Ploughing a new data furrow

As there was some interest in the last blog I thought it might be useful for people to know a little more about Exeros. The company was set up by an ex-founder of ACTA, and did a series A funding round in 2004. The company has some innovative technology which essentially reverse-engineers the structure of data by looking at the data values of database tables and files. This is different from some other profiling approaches, which often examine metadata e.g. column headings etc rather than data values. In this way it “discovers” business rules inherent in the data, and as a by-product then also discovers how well the data adheres to those rules. For example in one customer example they have, a customer gave Exeros a sample dataset and the product whirred away and discovered its structure. All well and good, but it also pointed out that in one case there was only a 98% match of the data to the structure, which caused the customer to say: “that’s impossible, that it is a mandatory field”. Well, perhaps, it was, but the data was still in error! In my own experience of MDM projects there are plenty of such moments; customers have an amusingly naive view of how good their data quality really is.

Other companies that purport to do data discovery are Sypherlink, and ahref=”http://www.zoomix.com/zoomix_wall.asp”>Zoomix , but Sypherlink in particular seems to use more conventional metadata-based profiling. The functionality that Exeros provides is useful for situations like master data integration projects, or data consolidation projects. It could also be used to help in building staging areas for ETL builds, where multiple sources of data often throw up all sorts of issues that have to be resolved manually. Exeros does not have a repository as such, and generates its analysis as output in either XML form or as feeds into tools like Business Object or ETL tools such as Informatica and IBM/Ascential.

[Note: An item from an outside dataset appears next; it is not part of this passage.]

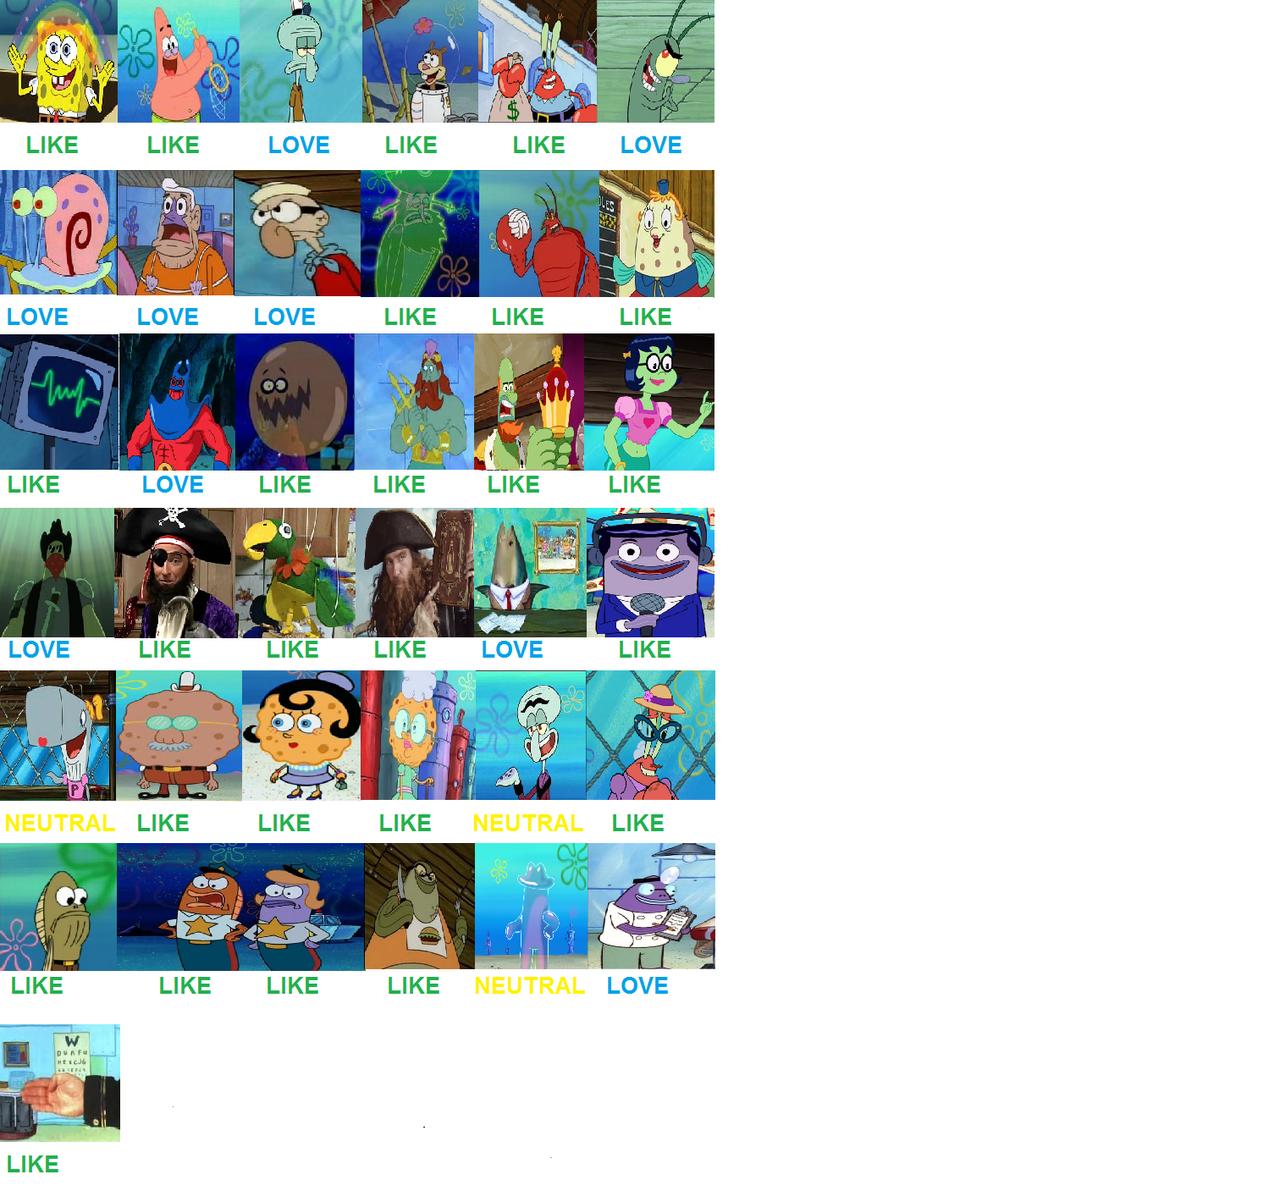 spongebob character scorecard by thegreatserver on deviantart
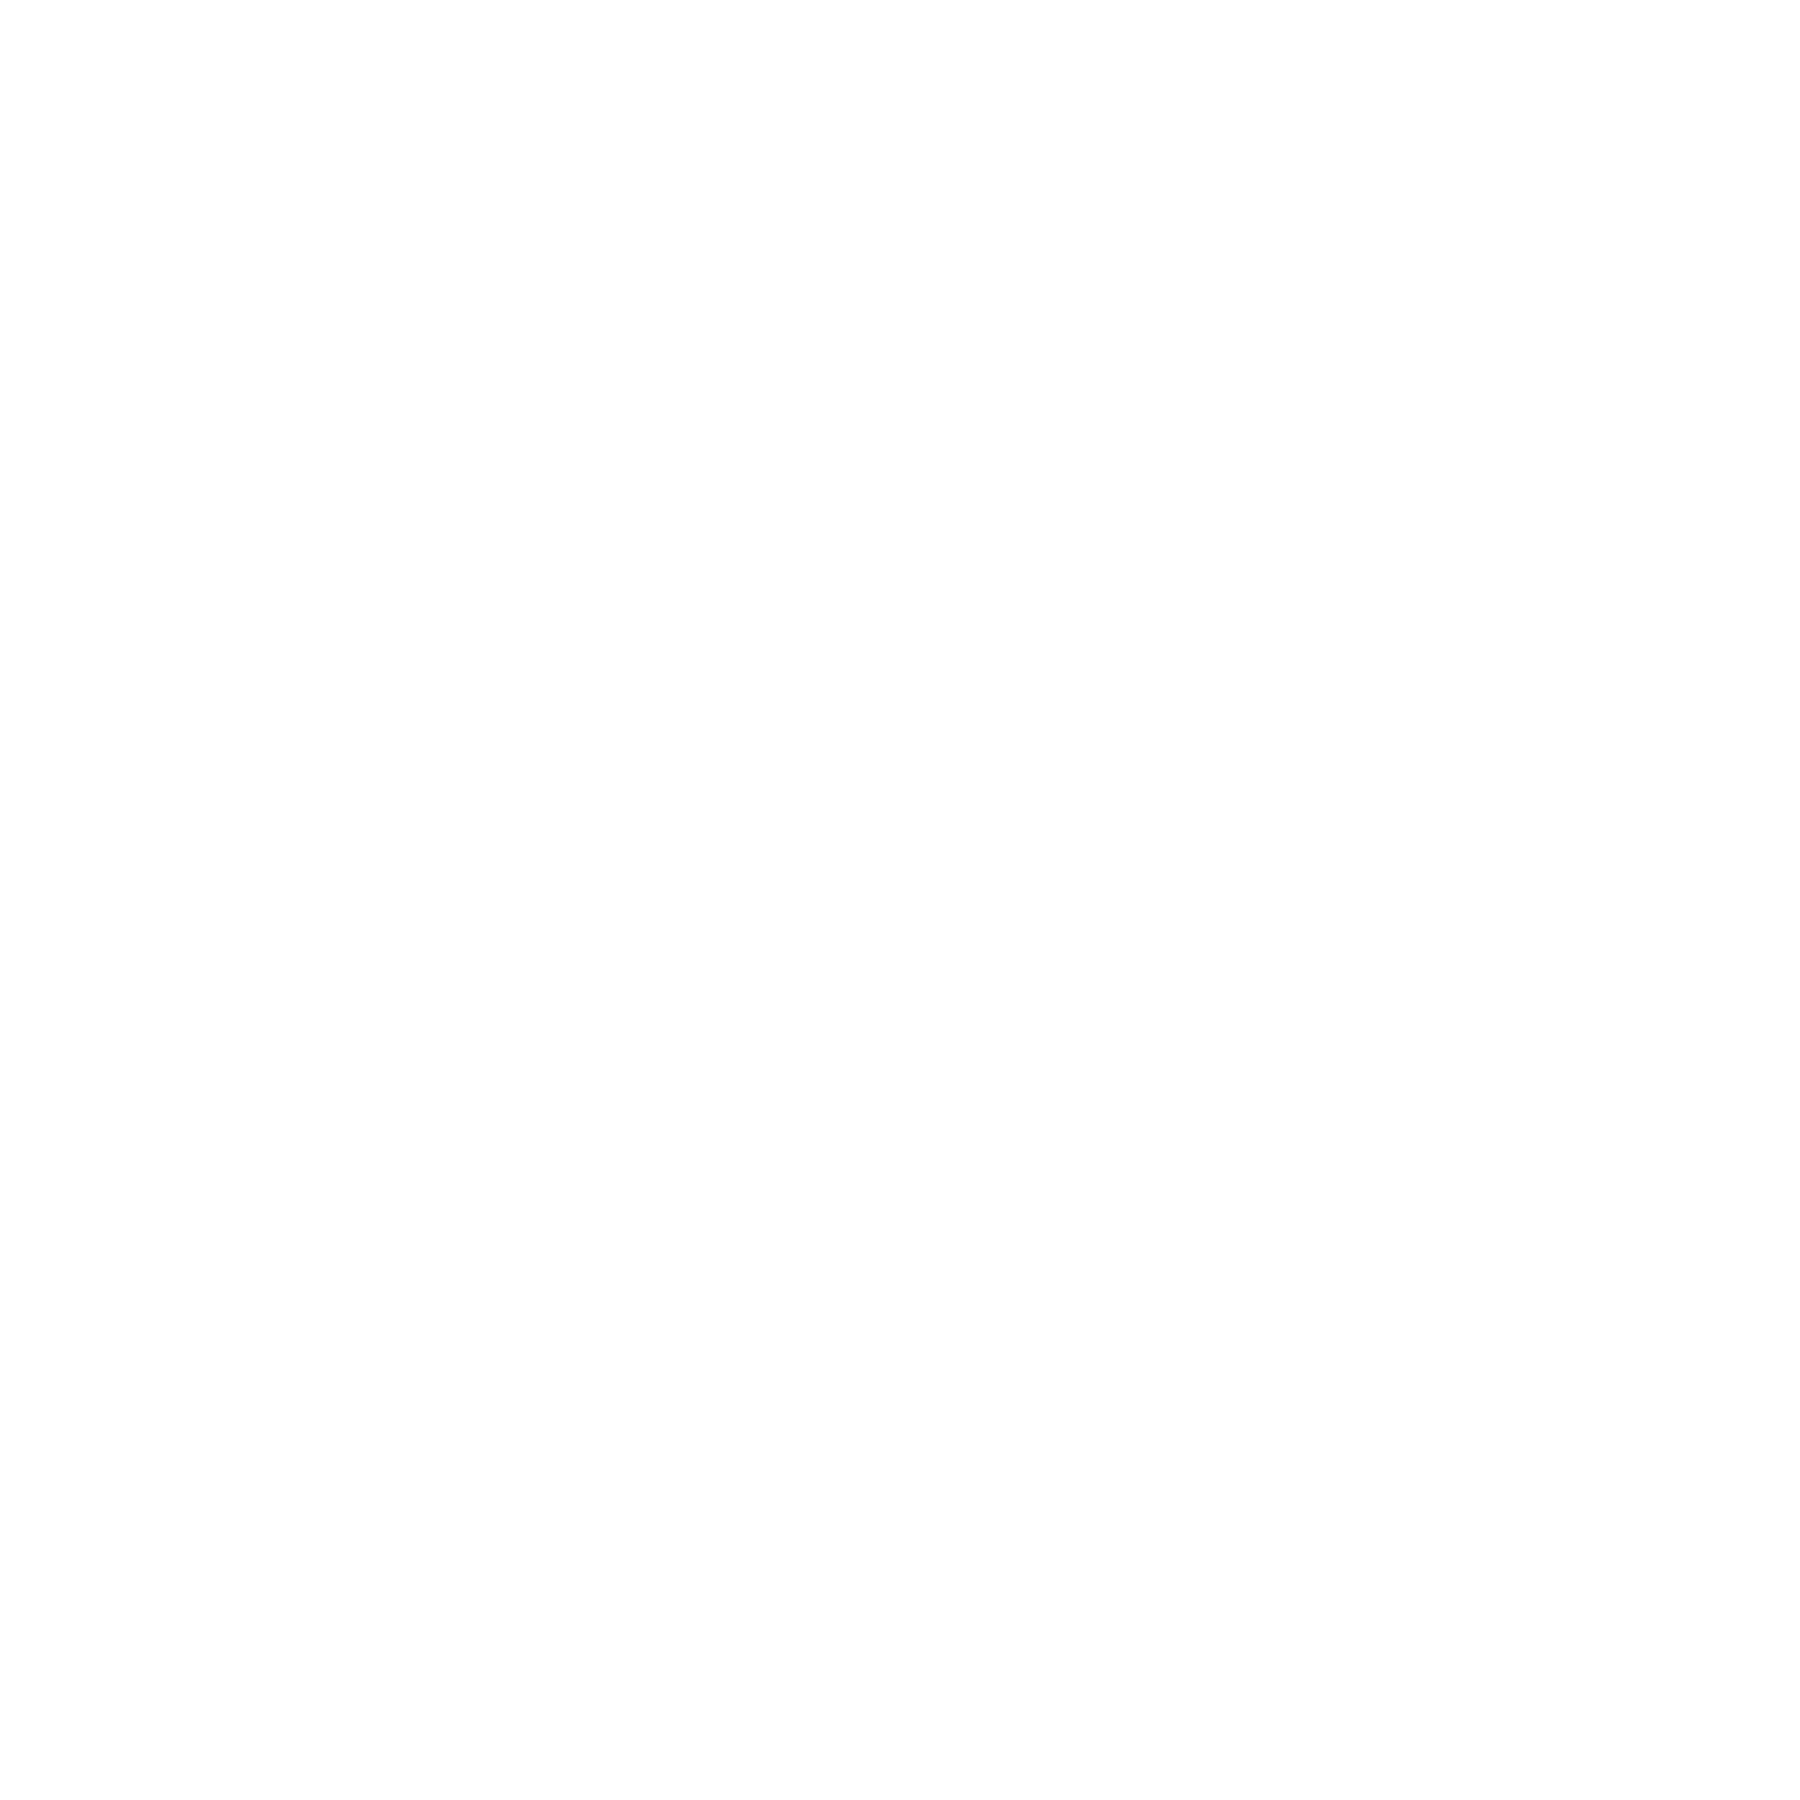 web paws logos - white.png

The company started selling commercially in 2006, and already has a dozen or so customers in production. So far this has been mainly in the financial services area, who have plenty of data issues and stiff compliance reporting needs, but there is no reason why the technology should not be applied to any industry as far as I can see. There seems to have been some pretty serious R&D here, with a product team of 40 people, and the company seems to be to have kept to an admirably tight focus so far rather than trying to claim it solves the world’s problems on its own. Over time I would expect to see it having opportunities to partner with MDM vendors, especially those who take a generic MDM approach rather than, say, CDI only vendors. The broader the breadth of data, the more complex data issues emerge.

Marketing the company as “data discovery” rather than “data quality” is a good idea, as the approach is genuinely different, and avoids the company being pigeon-holed alongside more established companies. The drawback is that they essentially trying to carve out a new market, never an easy thing, and will encounter the usual emerging company issues with conservative buyers and analysts who prefer to neatly drop them into an existing slot. However in my view the problem they are tackling is very real, and the approach seems innovative, so they should continue on this path. If they make enough customers happy then the analysts will soon come around to their view.